Crime

Crime jokes

Dildo

Police Report: Looking for a female, light brown hair, blue eyes, freckles, and a small scar on her right check.

Last seen on CCTV wearing see-through bottoms, a pink top, and a vibrating dildo hanging out of her arse. If you find this woman, please get her to charge the dildo for excessive fun.

Pedophile

Him: *slowly drives past elementary school while looking at kids*

Her: Why are you staring at those kids? *jokingly* Are you like a pedophile or something?

Him: ... At least you know why I love calling you "baby" now~

Orphan

If you're ever bored, rape an orphan. What are they gonna do, tell their parents?

Child

Are you a gun, because I would be your bullets because I love going in children.

Memes

Office

A man was walking down the street with a swivel chair under one arm, a computer under the other, and a desk strapped to his back.

A policeman ran over to him and handcuffed him, saying, "I'm arresting you for impersonating an office, sir!"

Van

Kid: "Mom, what happened to Jim?"

Mom: "He got inside a white van."

Seven

Why was six afraid of seven?

Because seven is a registered six offender.

Rape

The amount of women judging me for raping a poor lady is terrible.
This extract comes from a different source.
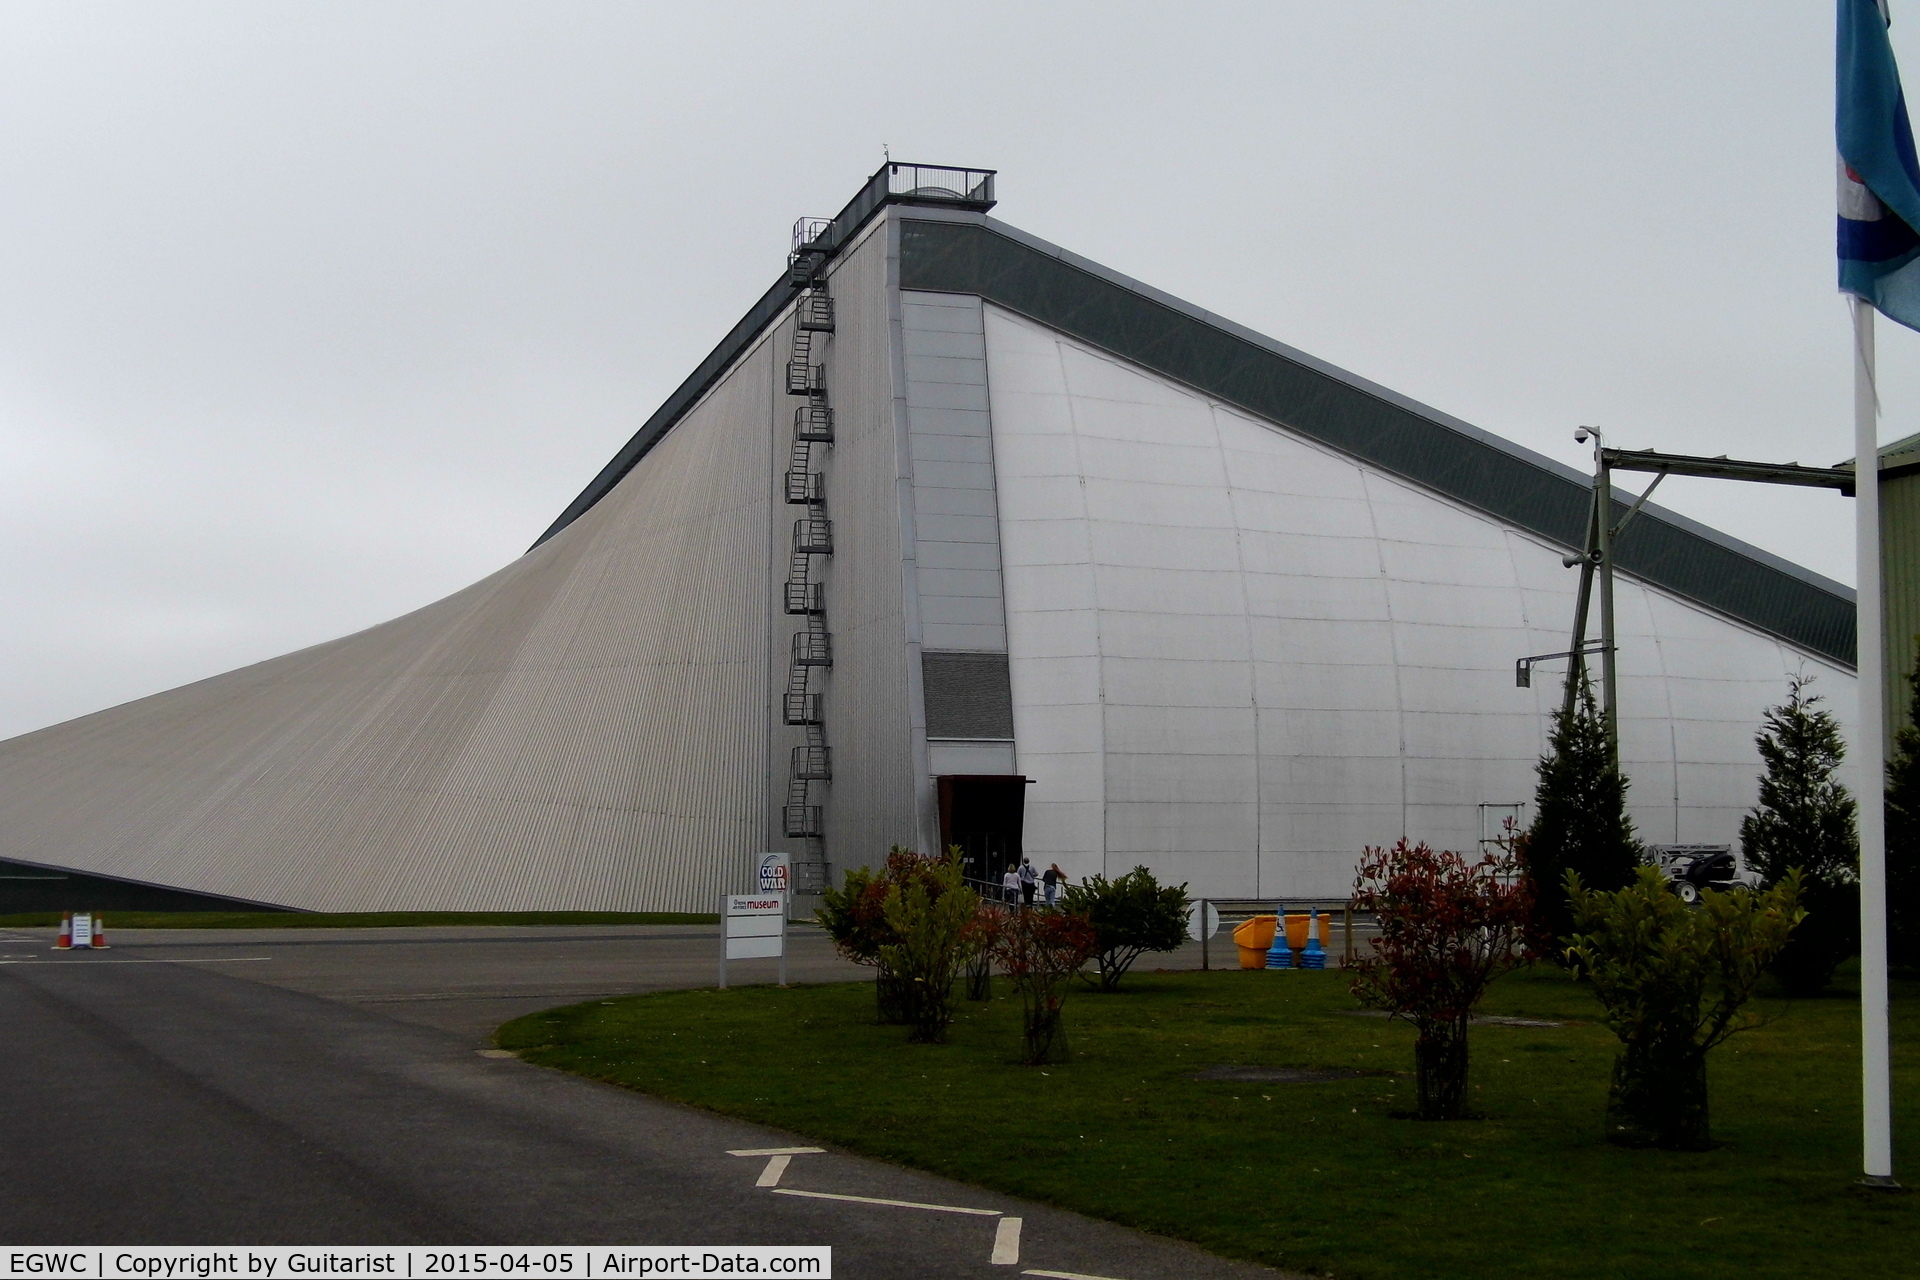 RAF Cosford Airport, Albrighton, England United Kingdom (EGWC) - Interesting shaped exhibitions hangar

You weren't there. You don't know!

KFC

Do you guys know what KFC stands for? It stands for kidnapping foster children.

Priest

A rapist, pedophile, and a priest walk into a bar. He orders a beer.

Same person.

Difference

What’s the difference between a prostitute and a homeless shelter?

You can shit a load inside of a prostitute, but if you try it in a shelter, you get arrested.

Drug

I bought some shoes from a drug dealer.

I don’t know what he laced them with, but I was tripping all day!